Low Recognition Accuracy

from paddleocr import PaddleOCR

# Solution: Enable preprocessing and use higher resolution
ocr = PaddleOCR(
    lang='en',
    use_doc_orientation_classify=True,
    use_doc_unwarping=True,
    text_det_limit_side_len=2048  # Higher resolution
)

Advanced Error Handling Pattern

from paddleocr import PaddleOCR
import logging
import traceback

class OCRErrorHandler:
    """Comprehensive error handling for OCR operations."""
    
    def __init__(self, lang='en', fallback_to_cpu=True):
        self.lang = lang
        self.fallback_to_cpu = fallback_to_cpu
        self.logger = logging.getLogger(__name__)
        self.ocr = None
        
    def __enter__(self):
        try:
            self.ocr = PaddleOCR(lang=self.lang, device='gpu')
            return self
        except Exception as e:
            if self.fallback_to_cpu and 'CUDA' in str(e):
                self.logger.warning(f"GPU failed: {e}, using CPU")
                self.ocr = PaddleOCR(lang=self.lang, device='cpu')
                return self
            raise
    
    def __exit__(self, exc_type, exc_val, exc_tb):
        if self.ocr:
            self.ocr.close()
        return False
    
    def predict_safe(self, image_path, min_confidence=0.5):
        """Predict with validation and error recovery."""
        try:
            # Validate input
            from pathlib import Path
            if not Path(image_path).exists():
                return {
                    'success': False,
                    'error': f'File not found: {image_path}',
                    'results': None
                }
            
            # Perform OCR
            result = self.ocr.predict(image_path)
            
            # Validate results
            if not result or not result[0].get('rec_result'):
                return {
                    'success': False,
                    'error': 'No text detected',
                    'results': result,
                    'suggestion': 'Try lowering detection thresholds'
                }
            
            # Filter by confidence
            high_conf = [
                line for line in result[0]['rec_result']
                if line['rec_score'] >= min_confidence
            ]
            
            if not high_conf:
                return {
                    'success': False,
                    'error': f'No results above confidence threshold {min_confidence}',
                    'results': result,
                    'suggestion': 'Lower min_confidence or improve image quality'
                }
            
            return {
                'success': True,
                'results': result,
                'high_confidence_count': len(high_conf),
                'total_detected': len(result[0]['rec_result'])
            }
            
        except Exception as e:
            self.logger.error(f"OCR error: {e}\n{traceback.format_exc()}")
            return {
                'success': False,
                'error': str(e),
                'traceback': traceback.format_exc(),
                'results': None
            }

# Usage
with OCRErrorHandler(lang='en') as handler:
    result = handler.predict_safe('image.jpg', min_confidence=0.7)
    if result['success']:
        print(f"Success: {result['high_confidence_count']} lines detected")
    else:
        print(f"Error: {result['error']}")
        if 'suggestion' in result:
            print(f"Suggestion: {result['suggestion']}")

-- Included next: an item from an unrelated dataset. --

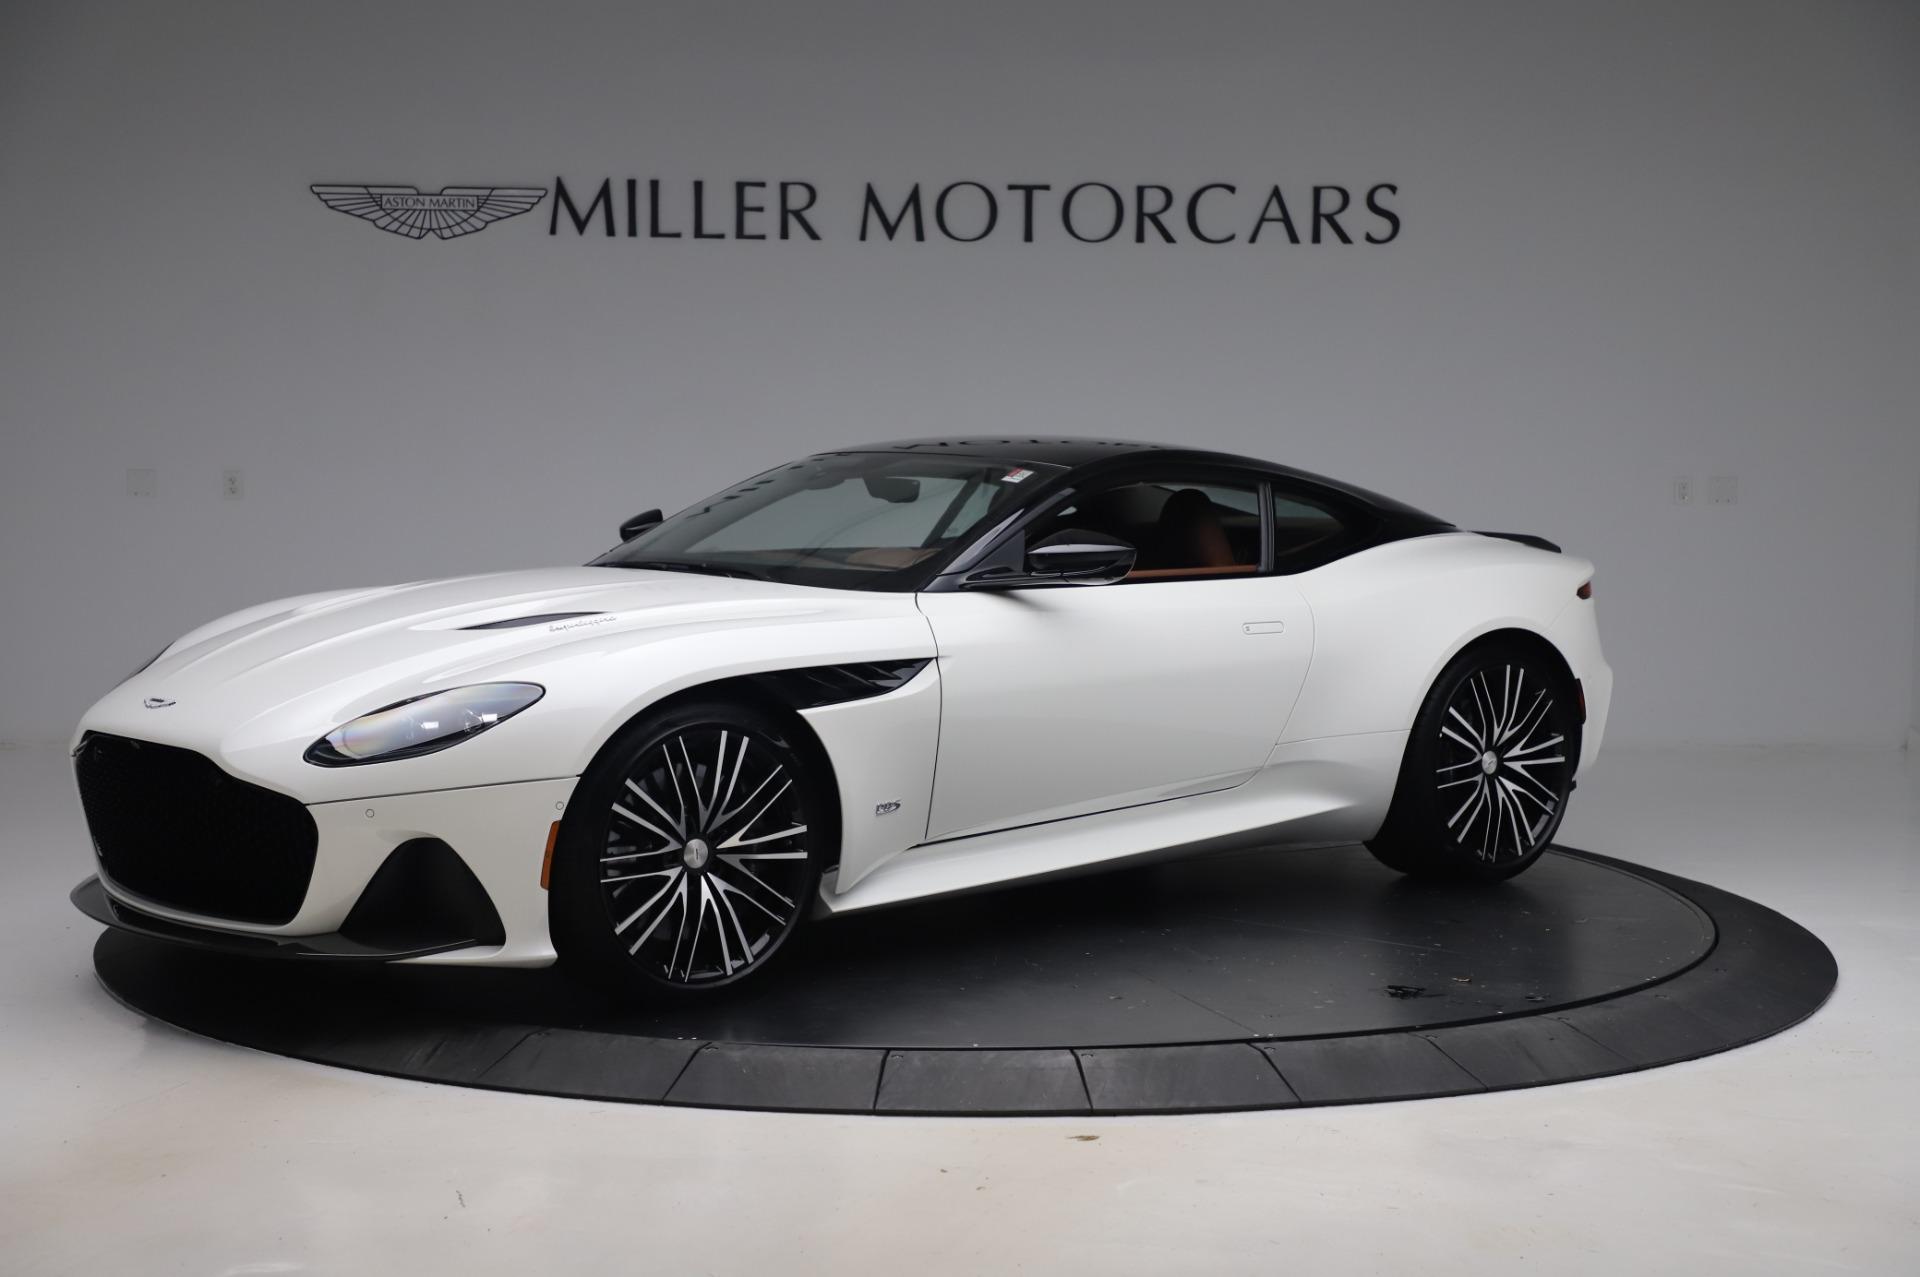 New 2020 Aston Martin DBS Superleggera for sale $337,686 at Aston Martin of Greenwich in Greenwich CT 06830 1
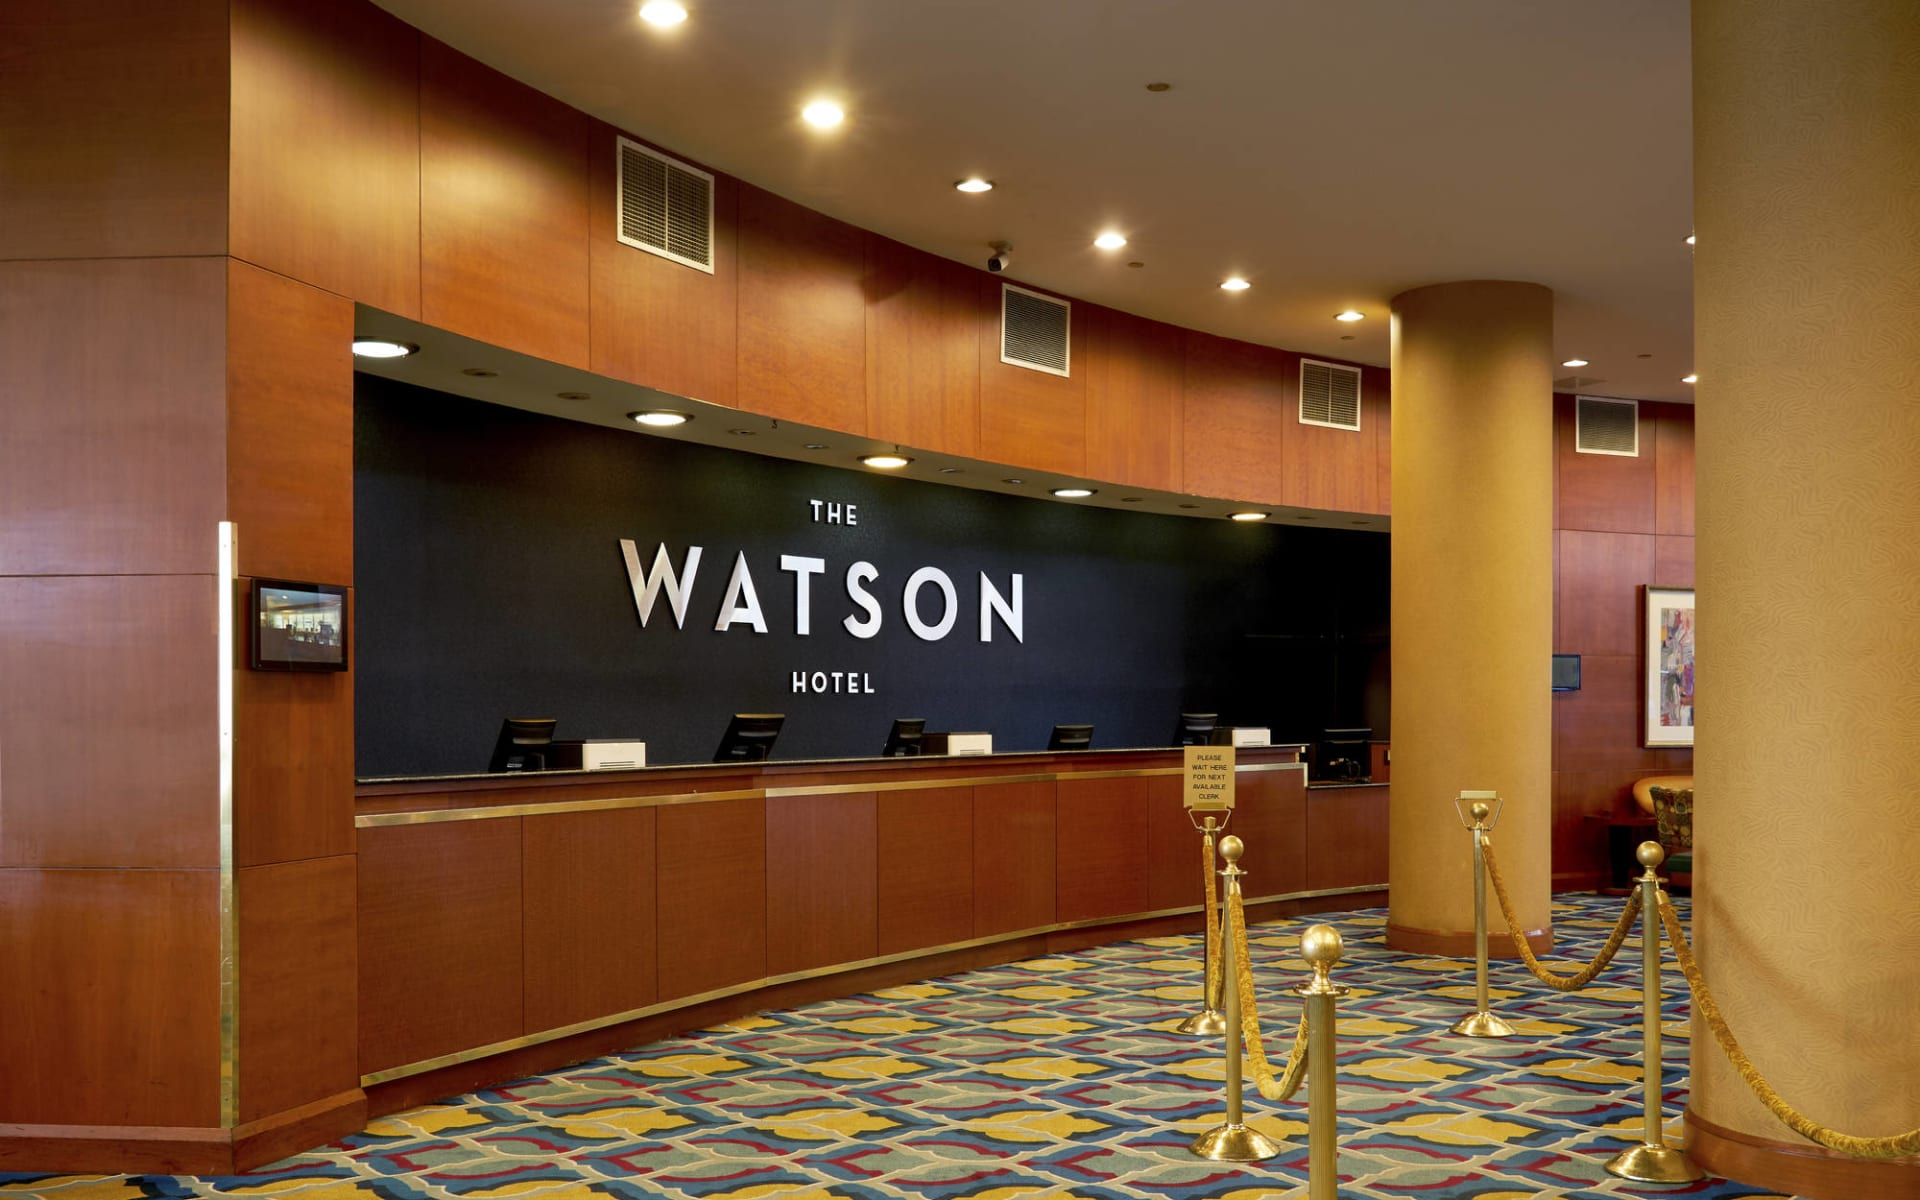 The Watson Hotel in New York - Manhattan:  The Watson - Front Desk

Performance Optimization Checklist

Use GPU if available (device='gpu')
Enable HPI for production (use_hpi=True)
Use predict_iter() for large batches
Close pipelines after use to free memory
Disable unused features in complex pipelines (e.g., use_seal_recognition=False)
Adjust thresholds to balance speed vs accuracy
Consider caching results for repeated processing
Use mobile models for resource-constrained environments
Batch similar images together for GPU efficiency

Input Format Handling

PaddleOCR accepts multiple input formats:

from paddleocr import PaddleOCR
import cv2
from PIL import Image

ocr = PaddleOCR(lang='en')

# File path (string)
result = ocr.predict('image.jpg')

# Directory path (all images in directory)
result = ocr.predict('images/')

# NumPy array
img = cv2.imread('image.jpg')
result = ocr.predict(img)

# PIL Image
img = Image.open('image.jpg')
result = ocr.predict(img)

# List of any above types
result = ocr.predict(['img1.jpg', img_array, pil_img])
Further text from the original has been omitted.